Migration Oracle → PostgreSQL
Create a new default schema in PostgreSQL, customize it and pool the data directly from Oracle without intermediate export files by using oracle_fdw (foreign data wrapper).
Current state of this solution
Works as expected, but very slow because one of the biggest tables asset_feature have a CLOB column and OCI library doesn't allow PostgreSQL to prefetch the rows. For example, a pull of a 40 Million rows table takes 3 hours. There are different workarounds that are described in our internal PostgreSQL mailing list.
Install PostgreSQL
For more information, see PostgreSQL installation.
Setup and test Oracle Instant Client
oracle_fdw is a PostgreSQL extention that need Oracle libraries. There are two optoins for you to take these libraries, download them form Oracle Website or get them from our FileServer. There is a third option to use the libraries from the Oracle DB itself ($ORACLE_HOME), but we shall not describe it here.

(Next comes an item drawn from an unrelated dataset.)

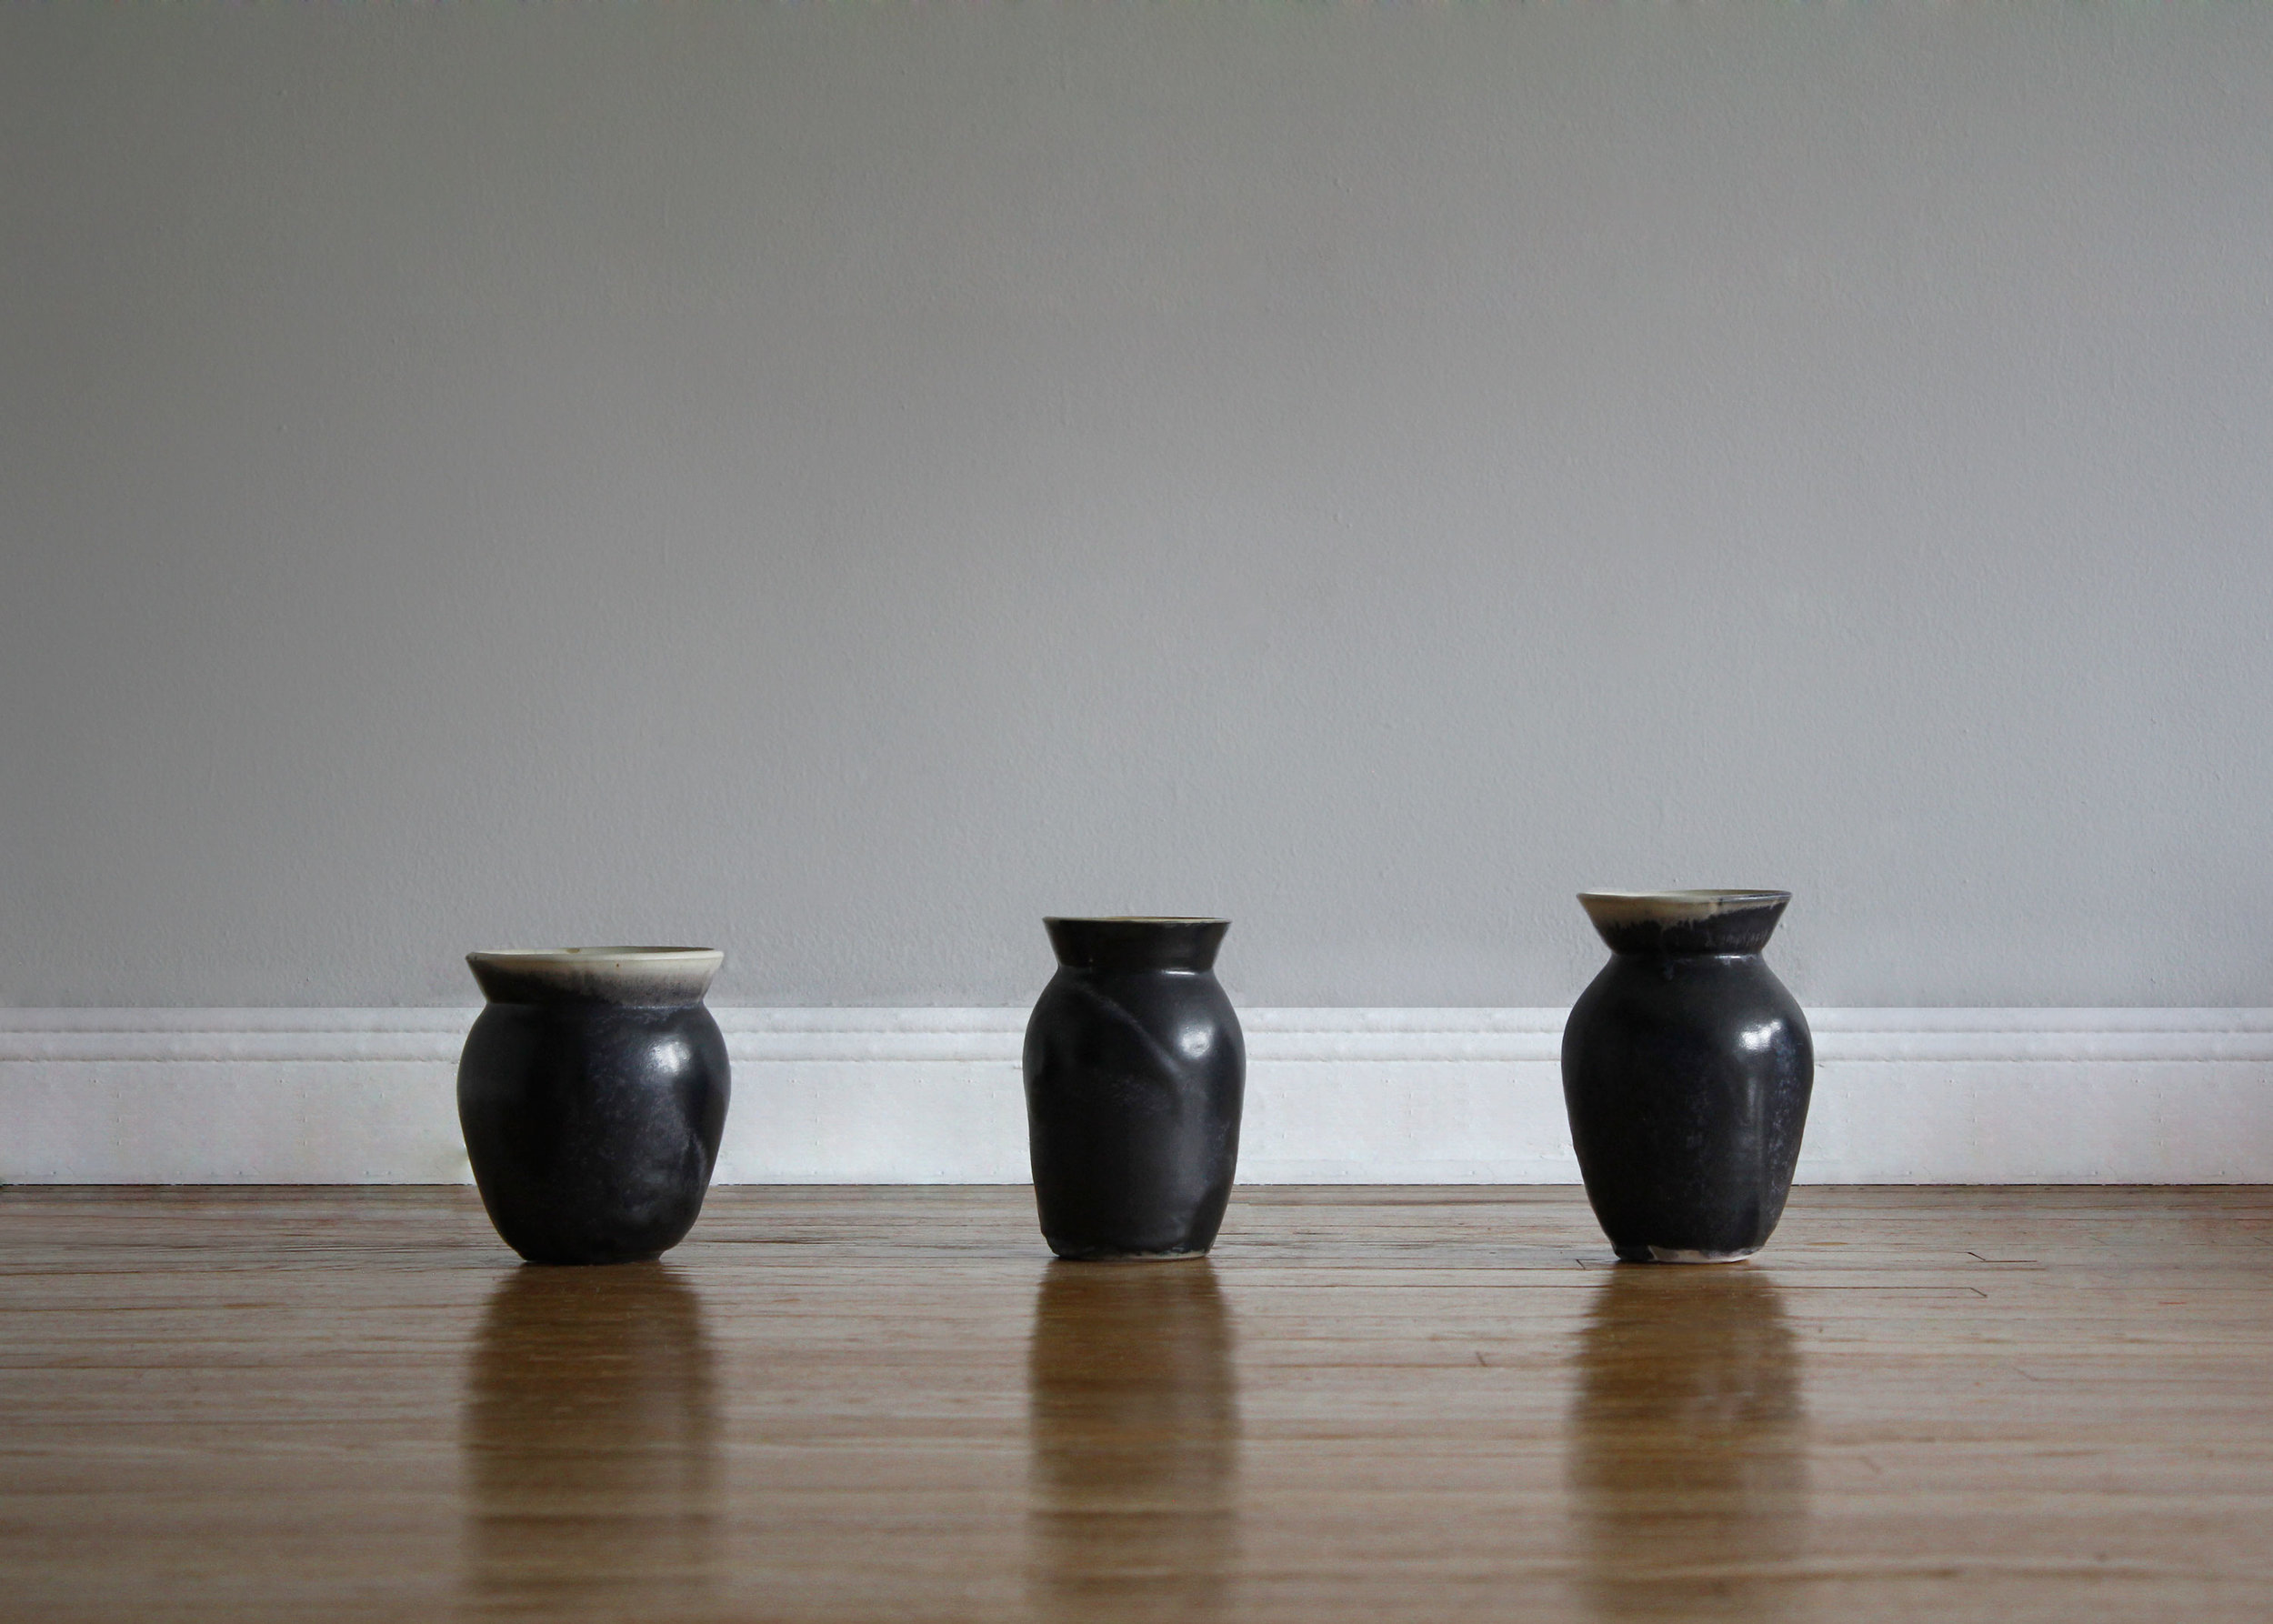 James-Rivas_Decay-Vase-Series_E.jpg
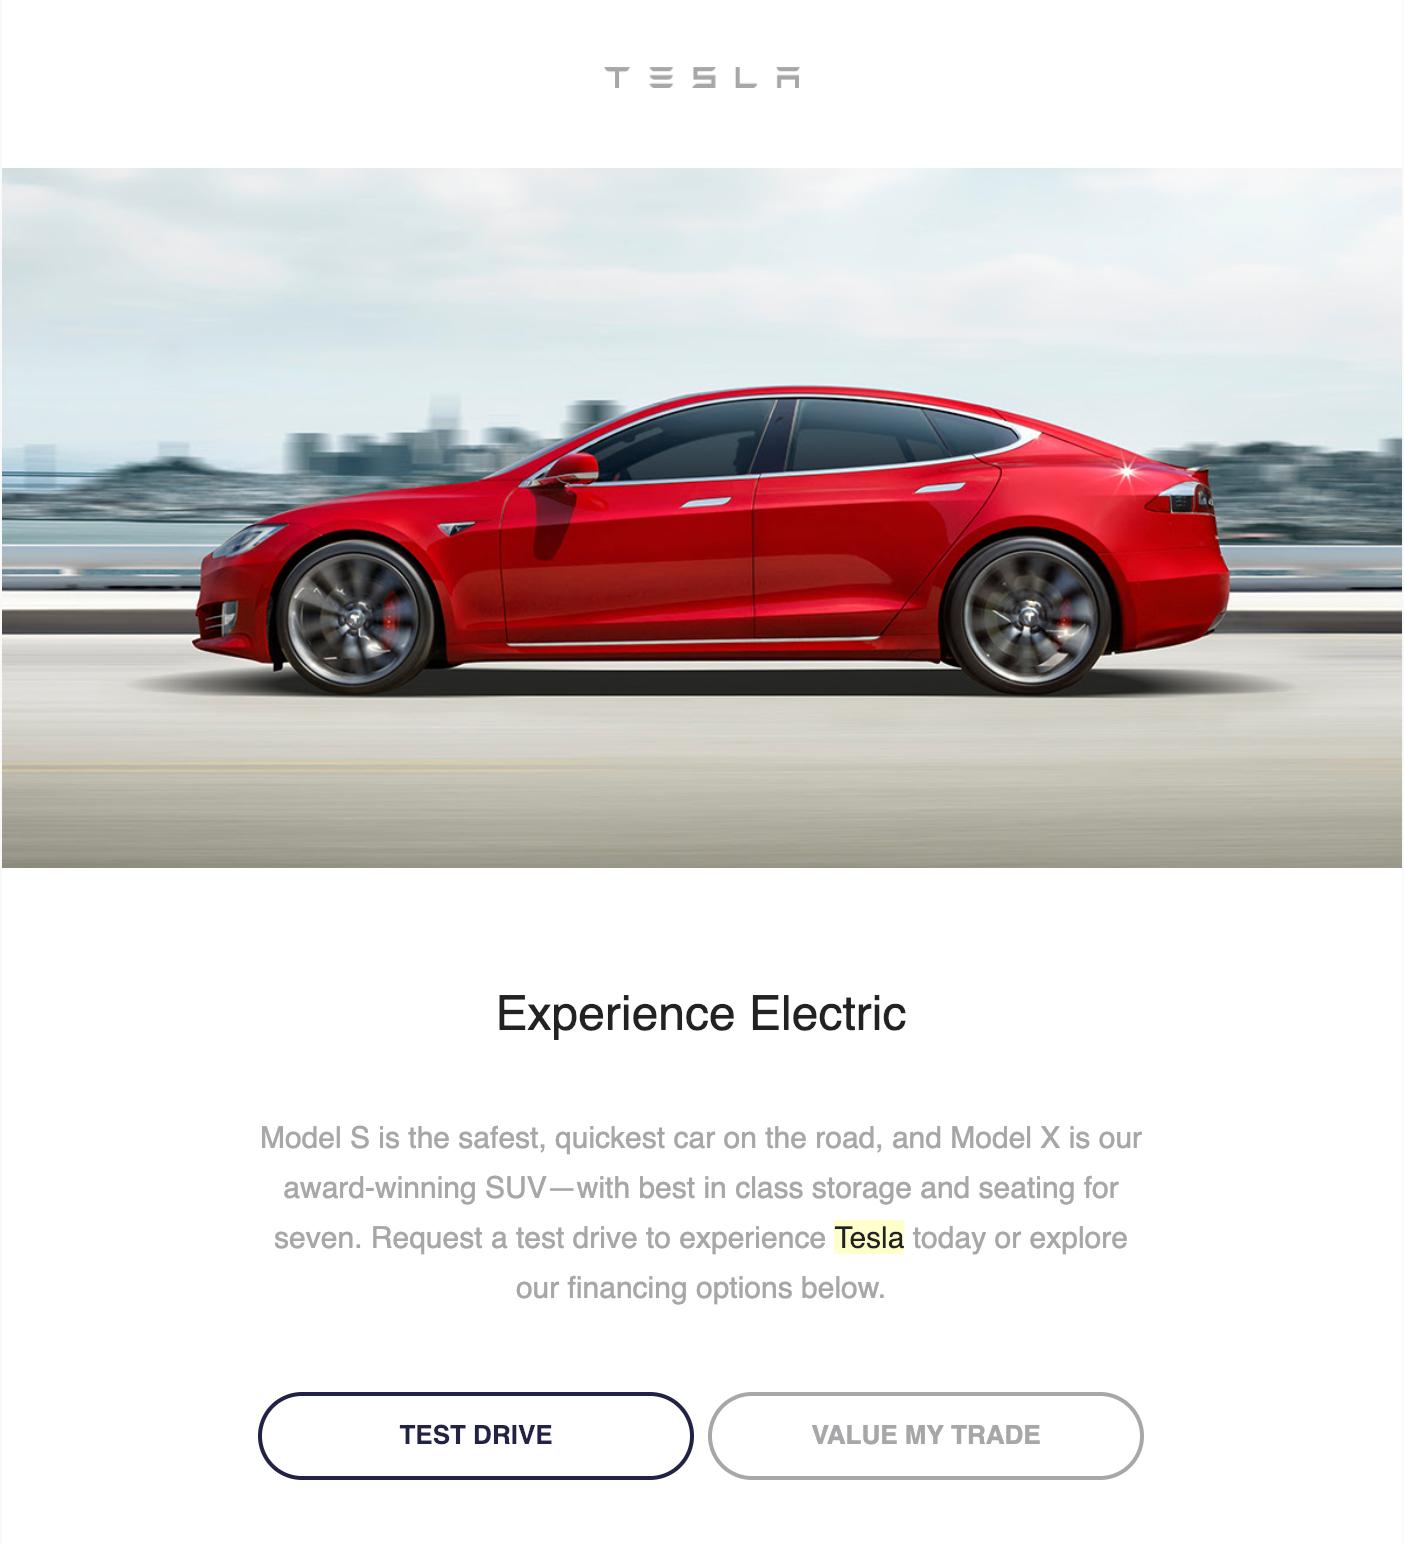 Tesla Updates 1 Billion Miles on Autopilot ian jacob searchandbefound com au Search amp Be Found Mail

Option 1: Download directly from Oracle
Select your OS version here. Then download and unzip the following files in ~postgres/ (the files shall create it's own subdirectory). Don't unzip them on Mac, because you shall get different directories. All files from every zip should be in the same directory.
instantclient-basic-linux.x64-12.1.0.2.0.zip - Instant Client Package - Basic
instantclient-sqlplus-linux.x64-12.1.0.2.0.zip - Instant Client Package - SQL*Plus
instantclient-sdk-linux.x64-12.1.0.2.0.zip - Instant Client Package - SDK
Option 2: Copy the package from our internal FileServer
Execute the following command:
rsync -avx /Volumes/Files/censhare/censhare-3rdParty/sqlplus/instantclient_12_1_linux/ postgres@PG-host:instantclient_12_1/
Setup and test connectivity to Oracle
Modify and add the following variables in ~postgres/.pgsql_profile and ~postgres/.bash_profile:
export ORACLE_SID=corpus
export ORACLE_HOME=/var/lib/pgsql/instantclient_12_1
export PATH=/usr/pgsql-9.6/bin:$ORACLE_HOME:$PATH
export LD_LIBRARY_PATH=$LD_LIBRARY_PATH:$ORACLE_HOME
Test connectivity to Oracle:
postgres@pg-host $ sqlplus system/password@oracle-host:1521/corpus
# if get an error mesage for a missing library, install it like this:
# yum install libaio.x86_64
Modify environment inside the PostgreSQL startup script:
# as root, search for PGDATA in that file and add the Oracle variables under the [Service] section of the file.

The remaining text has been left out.